Le Faux Procès de la « France la Plus Raciste »

La controverse s’est cristallisée autour des propos de Mathieu Kassovitz, qui affirmait sans détour que « la France est plus raciste que d’autres pays » et que la difficulté d’intégration est un « combat complètement perdu d’avance ». Si l’intention du réalisateur est sans doute de dénoncer un malaise social réel, sa généralisation et son étiquetage de la France en tant que parangon du racisme mondial se heurtent à la froide réalité des chiffres, méthodiquement exposés par d’Ornellas.
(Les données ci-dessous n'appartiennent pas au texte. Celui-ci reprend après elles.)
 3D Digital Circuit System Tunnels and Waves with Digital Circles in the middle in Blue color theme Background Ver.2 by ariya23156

Pour déconstruire ce mythe, l’éditorialiste s’est appuyée sur des enquêtes internationales précises. L’étude de 2013 publiée par le Washington Post, cherchant à établir une « carte mondiale de l’intolérance », posait une question simple et révélatrice : « Quel groupe de personnes ne souhaiteriez-vous pas avoir comme voisin ? ». L’indicateur clé, le rejet d’une personne « d’une autre race », a produit des résultats qui contredisent frontalement le réquisitoire anti-France. Loin devant la France, l’Inde arrivait en tête avec 43 % des personnes interrogées affichant ce rejet, suivie du Bangladesh (38 %) et de l’Algérie (36 %). À l’inverse, les pays les plus tolérants se trouvaient en Scandinavie, avec la Suède sous la barre des 5 % de rejet, rejoignant la Norvège, l’Islande, le Canada et l’Australie. L’indice de tolérance de la BBC en 2016 relevait quant à lui une faible acceptation de la diversité au Japon et en Corée du Sud, avec moins de 20 % de personnes favorables à la présence d’étrangers.
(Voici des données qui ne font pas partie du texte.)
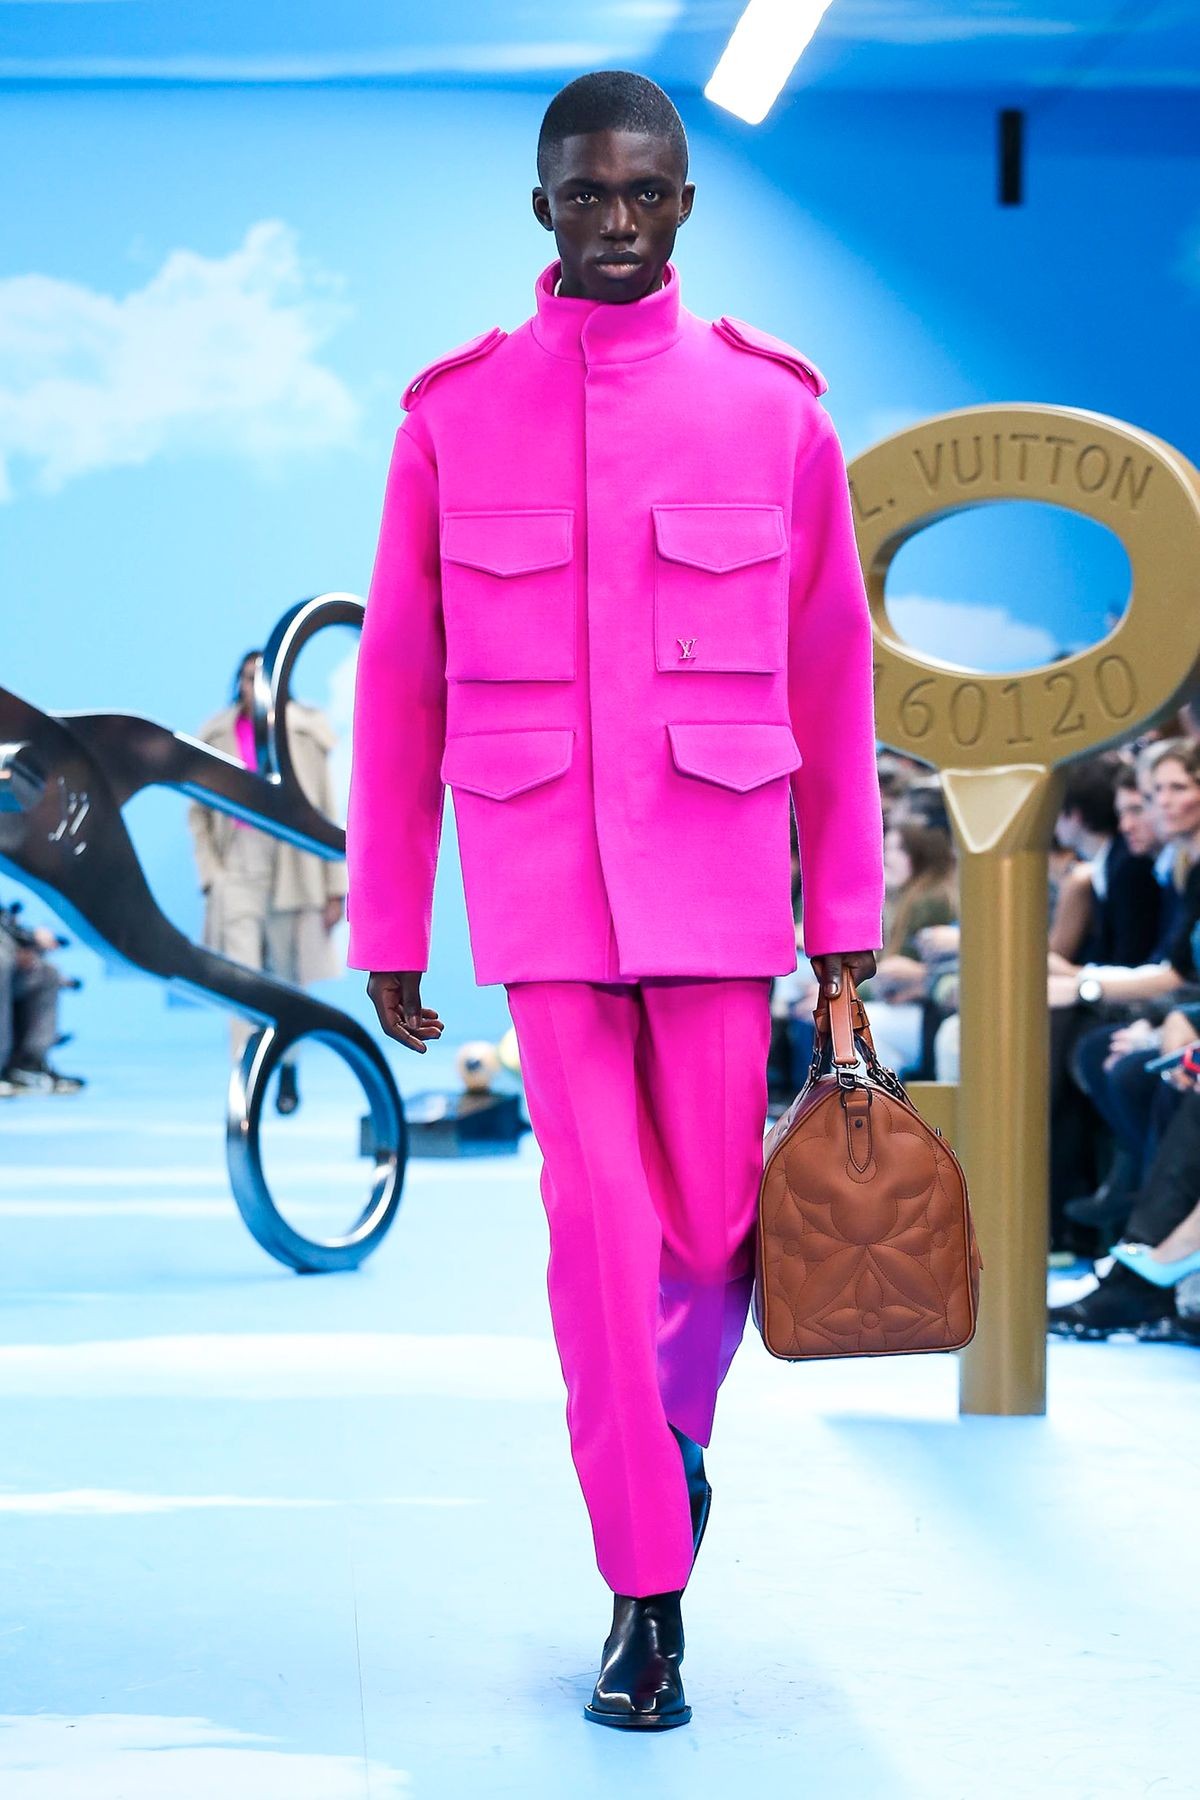 Louis Vuitton - inverno 2020 masculino (Foto: Getty Images)

Ces données internationales mettent en perspective la spécificité française. La France n’est pas une anomalie, et la focalisation obsessionnelle sur son propre racisme, souvent encouragée par l’« esprit cannois », relève davantage du fétichisme de la culpabilité que d’une analyse comparative sérieuse. D’Ornellas insiste : le problème de Kassovitz est d’une « confusion ahurissante ». Comment peut-on à la fois déplorer l’échec de l’intégration et se « réjouir d’être le pays le plus intégré » ? Cette contradiction sémantique et idéologique révèle un discours qui ne cherche plus la vérité, mais l’effet.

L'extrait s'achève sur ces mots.